Lies We Tell Ourselves by Robin Telley
Harlequin Teen, 384 pages
US Release Date: September 30, 2014
Format/Source: ARC via Around the World Tours - thank you!
In 1959 Virginia, the lives of two girls on opposite sides of the battle for civil rights will be changed forever.
Sarah Dunbar is one of the first black students to attend the previously all-white Jefferson High School. An honors student at her old school, she is put into remedial classes, spit on and tormented daily.
Linda Hairston is the daughter of one of the town's most vocal opponents of school integration. She has been taught all her life that the races should be kept separate but equal.
Forced to work together on a school project, Sarah and Linda must confront harsh truths about race, power and how they really feel about one another.
Boldly realistic and emotionally compelling, Lies We Tell Ourselves is a brave and stunning novel about finding truth amid the lies, and finding your voice even when others are determined to silence it.
I don't know how to tell her I just don't have the energy to keep up with my old friends anymore. That my life isn't big enough to deal with all the awful things and still fit in everything that used to be important to me, too.
I don't know what I'm supposed to believe anymore. I want to follow the teachings of the Lord, but I don't know how. It's so complicated. Why would God give me these feelings if they're wrong?
This is probably one of the tougher books I’ve ever had to review, simply because it’s such an important one. I don’t want to really “critique” anything, because the subject matter is so intense and so relevant I don’t want to risk deterring anyone from reading it.
I’m not going to lie, some of this was hard to read.
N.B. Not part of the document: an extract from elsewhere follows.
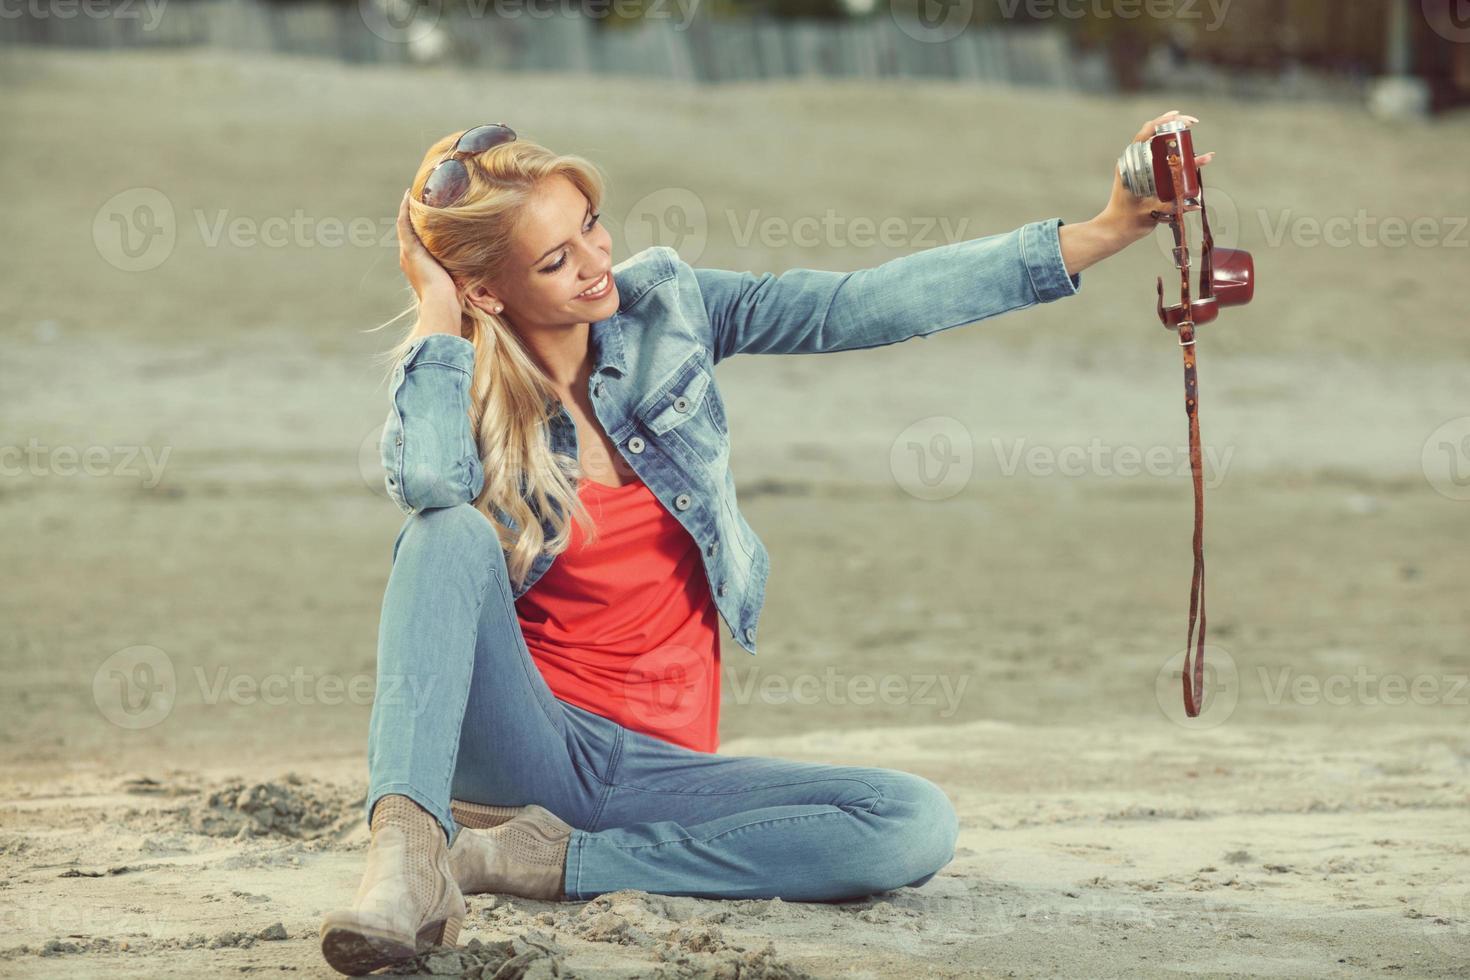 selfie con fotocamera analogica foto

This history is such a hard truth to face, and I’ll admit some of it was hard for me to swallow. But the book does it well, with enough detail to make an impact but not over-the-top for shock value. I’m very glad nothing was horrifically extreme, and am incredibly impressed at the way Telley was able to pull off showing what was real but still reminding the reader there was definitely worse. And not in a guilt-inducing way, but as an element to the story.
One of my concerns was that this story was tackling both racism and sexual orientation—those are two HUGE issues, and can go very wrong, very fast. But I was pleasantly surprised at how seamlessly they blended together and really worked together to make the story. It’s handled well, with equal amount of importance and time given to both. I definitely feel like this was a bold statement that draws on parallels, but…that’s a different conversation.
One of the most interesting parts of this novel was seeing how the parents influenced their kids and the resulting actions and words. It’s definitely a battle of generations, and it was another pleasant surprise to have it portrayed so well. It really added a deeper element of family and nature versus nurture, and was probably one of my favourite parts.
As a story itself, I was fairly impressed with how it all came together. The characters are unique but relatable, and I loved the friendships and family relationships. I don’t think there’s much deviation from a plotline that we could guess, but at the same time, I don’t really think a book like this should. The fight scene towards the end that seemed to be a turning point was perhaps the only thing that really startled me, but it was a good thing in the end.
Lies We Tell Ourselves is such an important book, one to make a reader think and feel and incite action. It’s fairly obvious that I’m a fan of this book, in every way. It’s the perfect way to bring this history and these messages to the YA crowd.